Исаак Шапиро
Черемош (сборник)
Автобус давно отслужил свой срок, его латали, поили бензином и требовали работы. А он задыхался на малых подъемах, дребезжал немытыми окнами, под колеса ему всегда попадались то выбоины, то горбины.
Пассажиров бросало из стороны в сторону, но они привычно молчали, считая за благо, что движутся в нужном направлении, а не торчат на остановке.
За окнами справа, в прорези между вербами, иногда мелькали светлые полосы Черемоша и клинья песчаных кос.
Пассажиров было мало, и водитель по-человечески останавливался везде, где просили.
На одном из передних мест ехал старик. Белая, волнистая борода стекала от висков на зеленый китель.
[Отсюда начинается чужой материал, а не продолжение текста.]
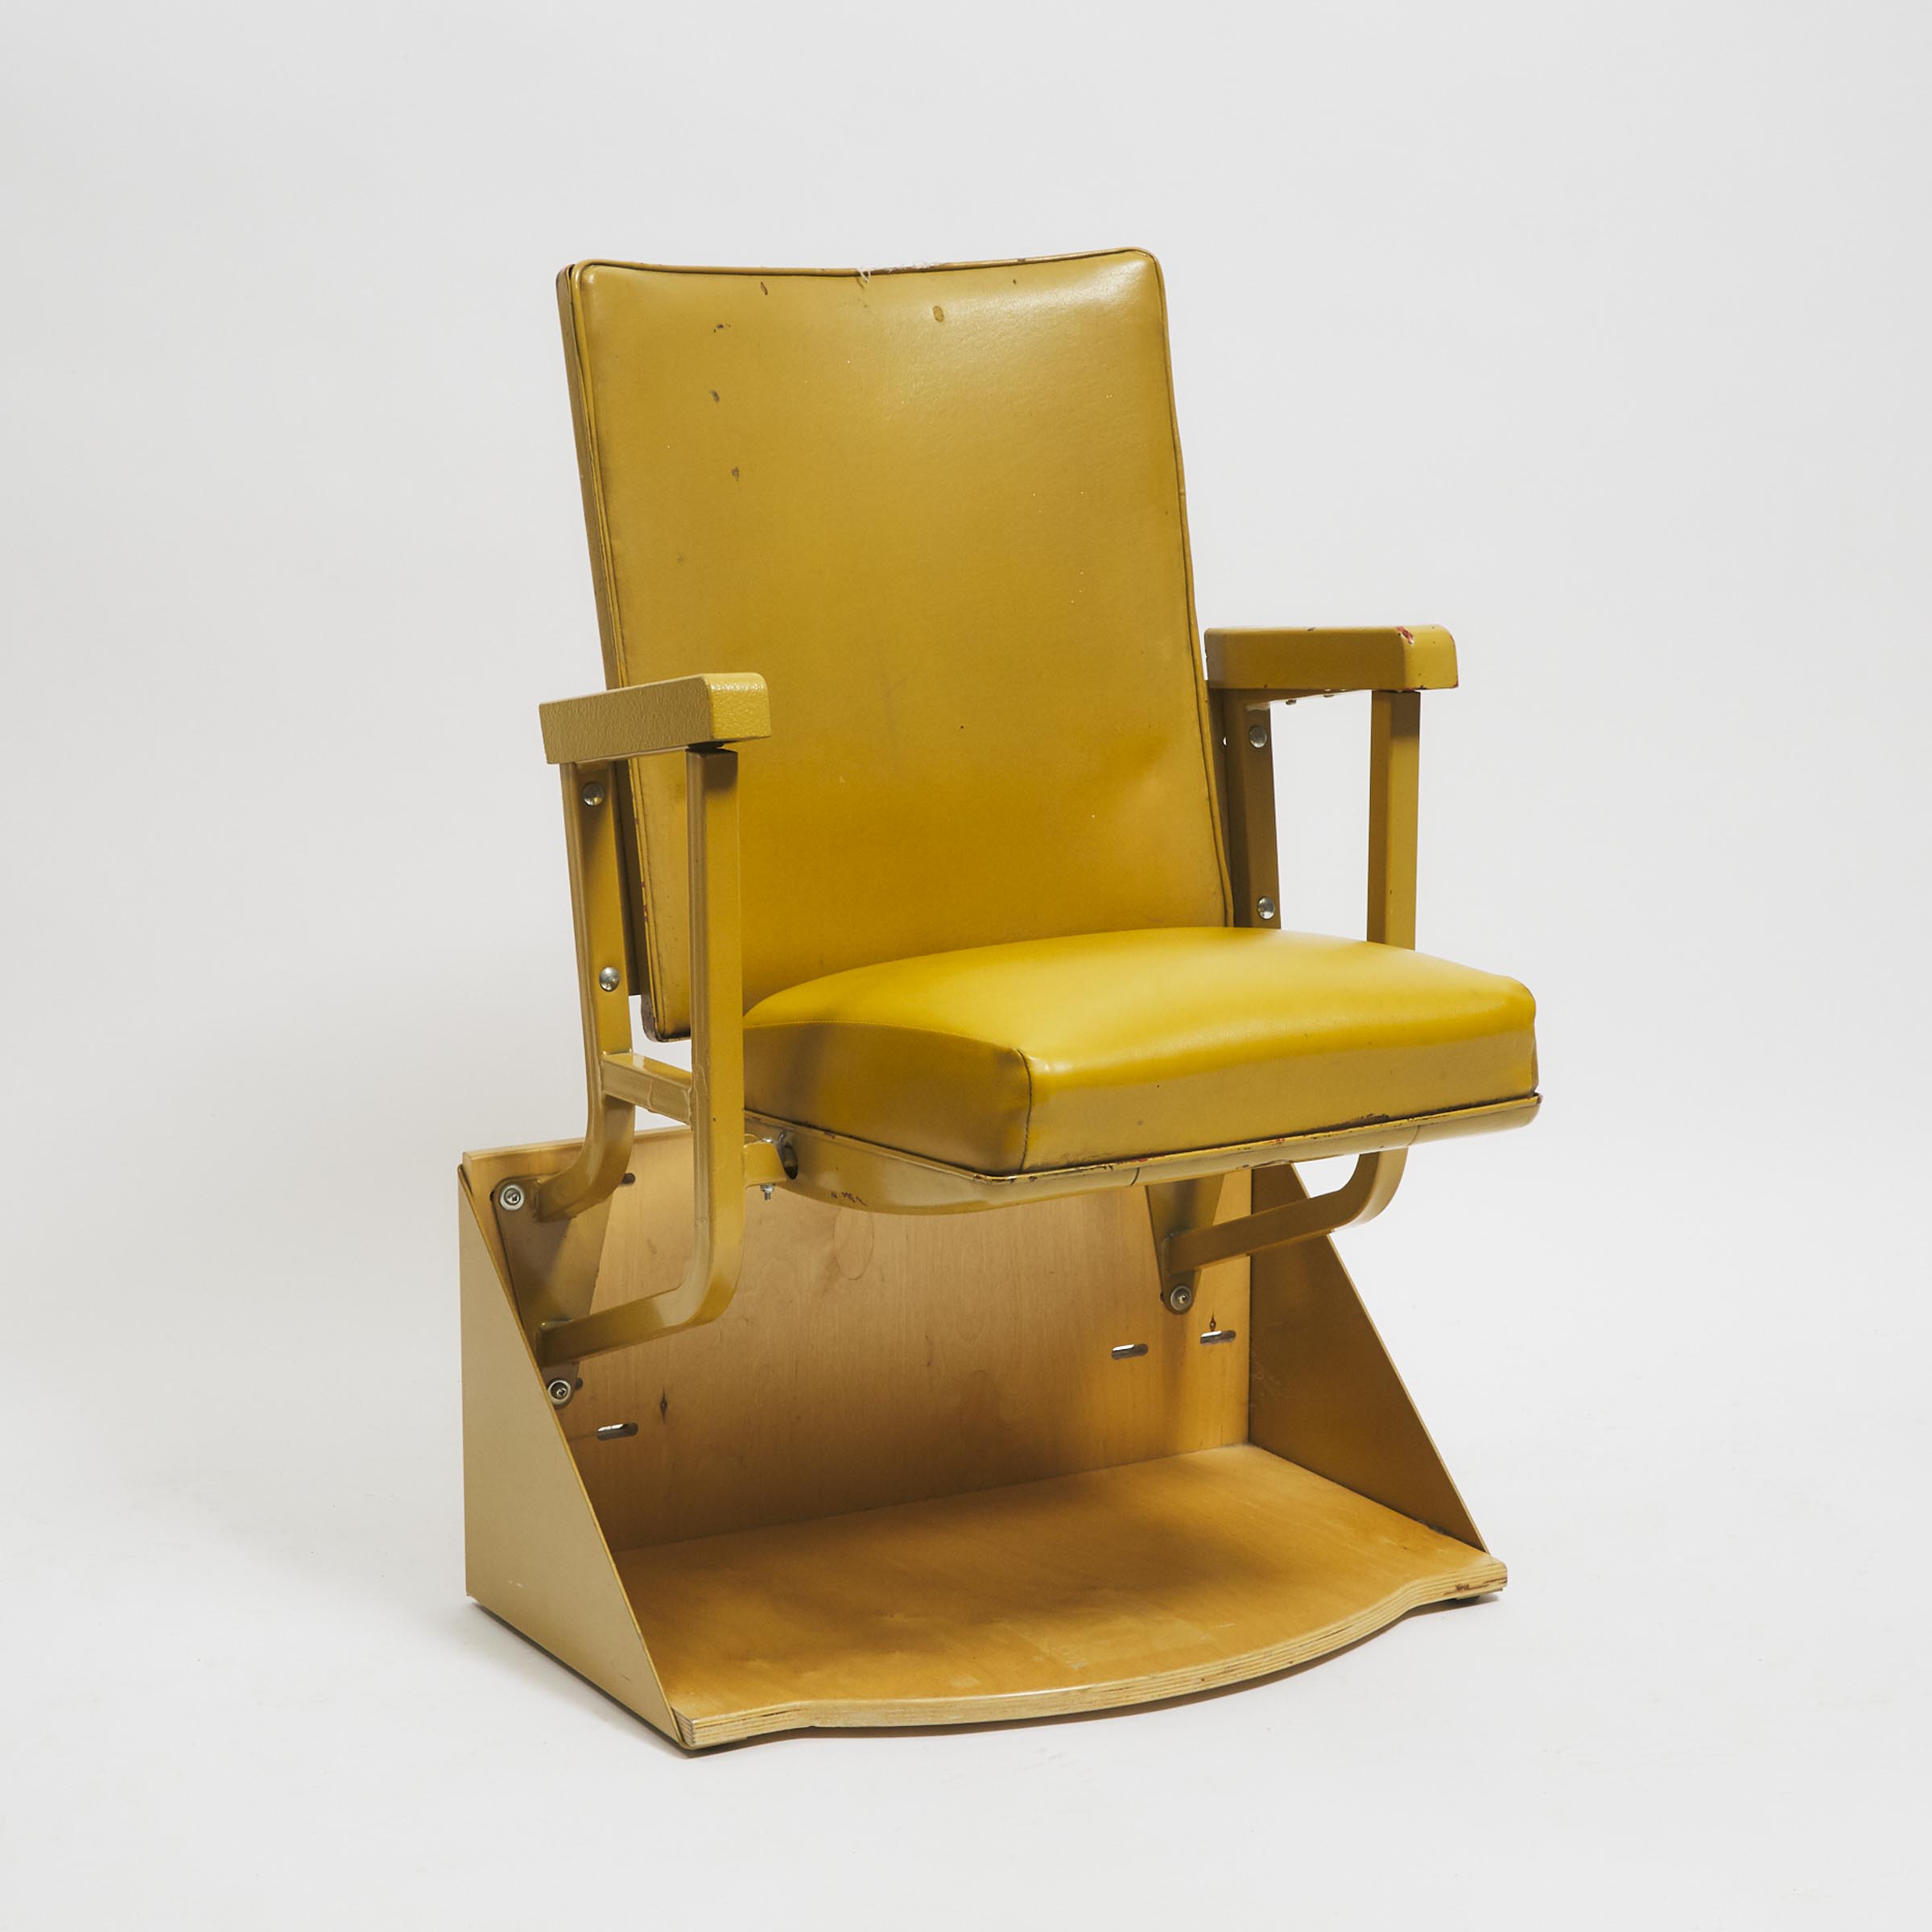 Maple Leaf Gardens Gold Seat, c.1931

На колене у него отдыхала грузная пятерня. Не дай боже, сожмись она в кулак – от такой кувалды любой характер помягчает.
У раздорожья автобус притормозил. В раскрытую дверь сначала вошла палка, за ней из широкого свободного рукава вытянулась сухая рука. Затем появились капелюх с пером, киптарь с крупными кожаными пуговицами и холщовые гуцульские панталоны. Все это входило по частям, медленно и осторожно, и казалось таким хрупким, что водитель терпеливо ждал, пока новый пассажир усядется, и лишь тогда включил скорость.
Гуцул оперся руками на палку, из-под морщинистых коричневых век стал разглядывать попутчиков. Перо на шляпе трепетало при каждом взбрыке автобуса. Наконец по праву старшего спросил у соседа напротив: какие будут его года?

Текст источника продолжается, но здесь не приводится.